At just under five feet, Rubio is an obese 208 pounds, nearly double the 120- to 130-pound healthy weight for a person her height. The 52-year-old native of Ecuador developed type 2 diabetes after her children were born more than two decades ago. Her condition worsened as a fast-food diet packed on the pounds: Pizza and Chinese food were her favorites. Obesity increases type 2 diabetes risk, and often the two go hand in hand.

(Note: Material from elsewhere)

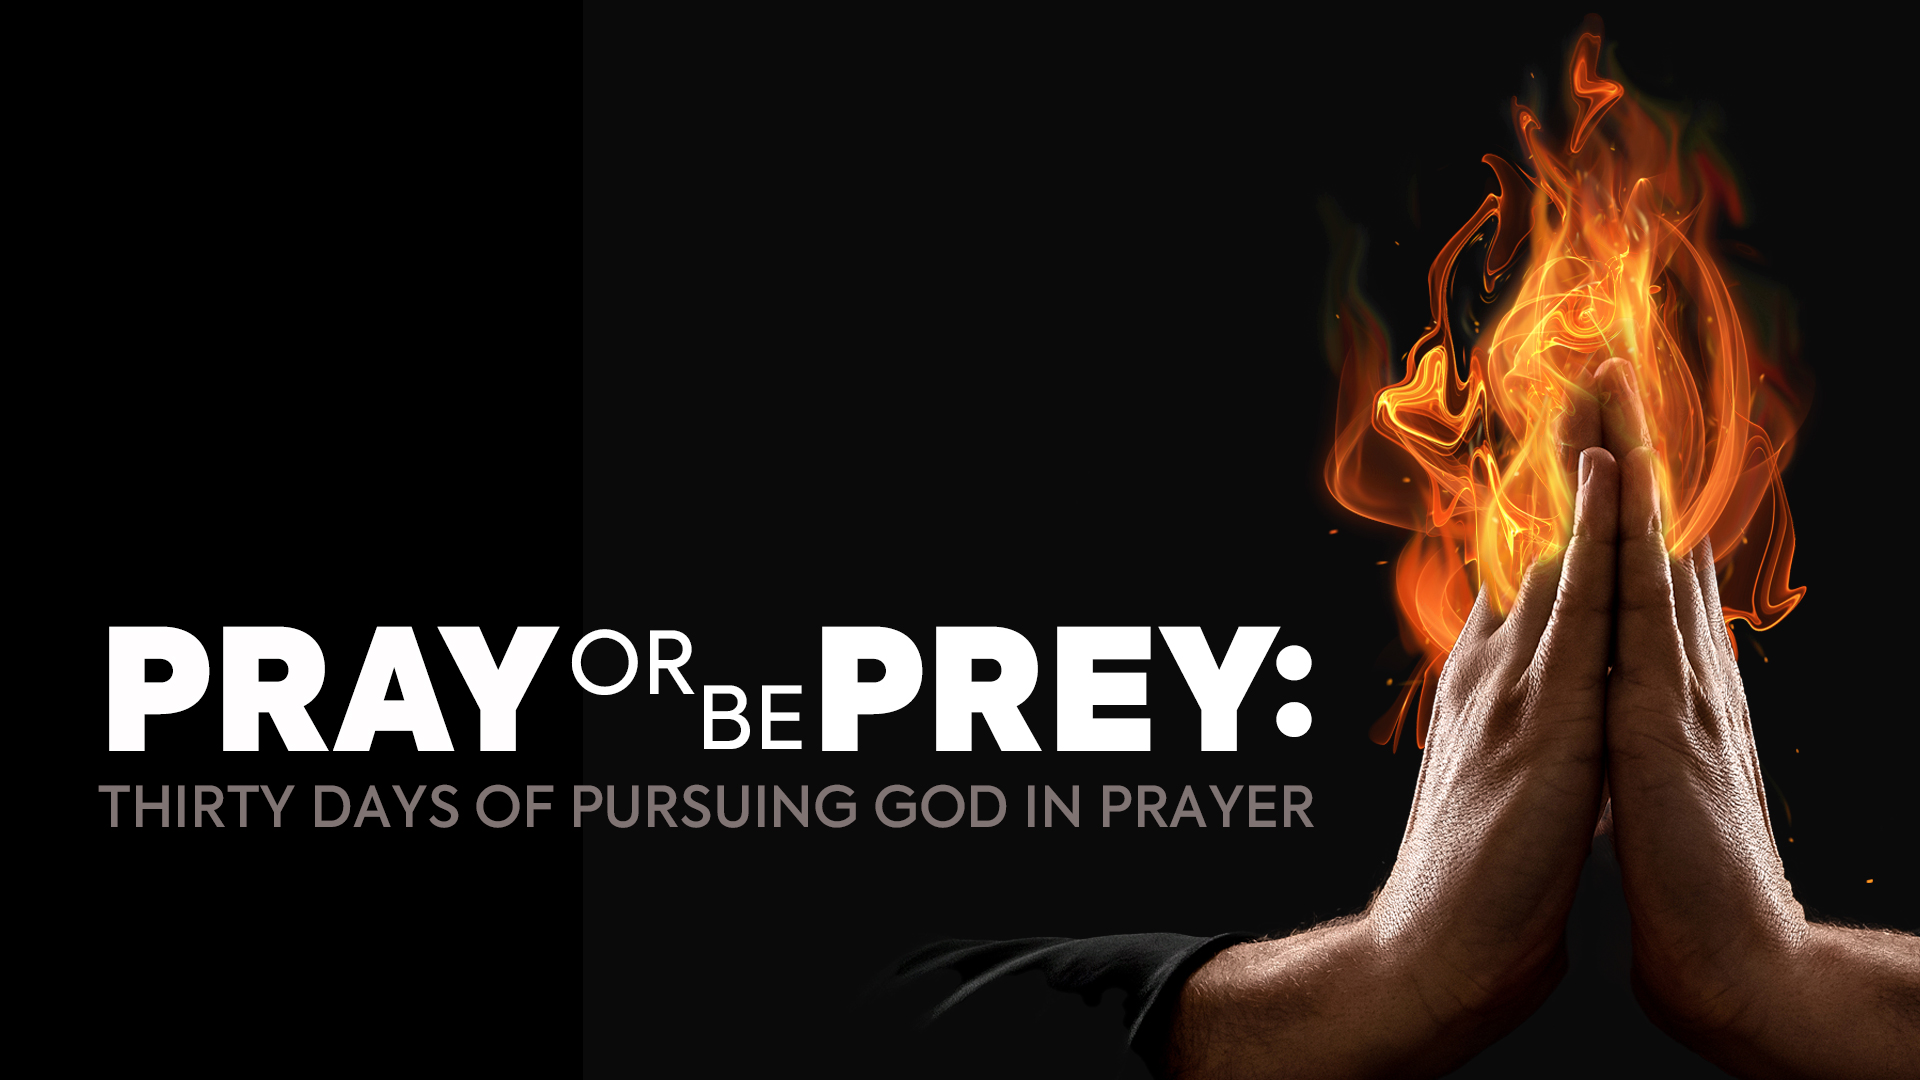 Featured image for “Pray or Be Prey”

Over many years, Rubio’s body broke down her calorie-packed diet into glucose, a sugar, which was absorbed into her blood. Her pancreas produced insulin that unlocked her cells so the glucose could enter and produce the energy she needed to function. If the body cannot produce insulin (as is the case in people with type 1 diabetes), or if the cells ignore or resist insulin (as is common in type 2 individuals), blood glucose levels rise, sparking the crippling complications of diabetes. In Rubio’s case those complications included arthritic knee pain as her joints struggled with her heft, high blood pressure, elevated cholesterol, and high blood sugar.

With more than 25 million cases nationally, type 2 diabetes is America’s leading cause of blindness in adults under age 75, kidney failure, and amputation. It also raises the risk of nerve damage, heart disease, and stroke. In 2007 diabetes treatment and indirect medical costs ran to $174 billion in the United States. As obesity spreads across this country and across the world, those costs are rapidly on the rise.

The best way to combat type 2 diabetes, doctors traditionally say, is through diet and exercise-induced weight loss, which sometimes remedies insulin resistance. But many patients never manage to sustain the changes for long, and improvements can take months or years, if they come at all. When lifestyle changes fail, patients must control their blood glucose with regular insulin injections or oral medications. The medical costs for an individual with diabetes are typically 2.3 times higher than for someone without the disease. The day before her operation, Rubio told me she had tried dieting but could not shed weight, even though she understood the consequences. “I was afraid diabetes would affect my feet and cause gangrene,” she explained through a translator, her eyes welling with tears.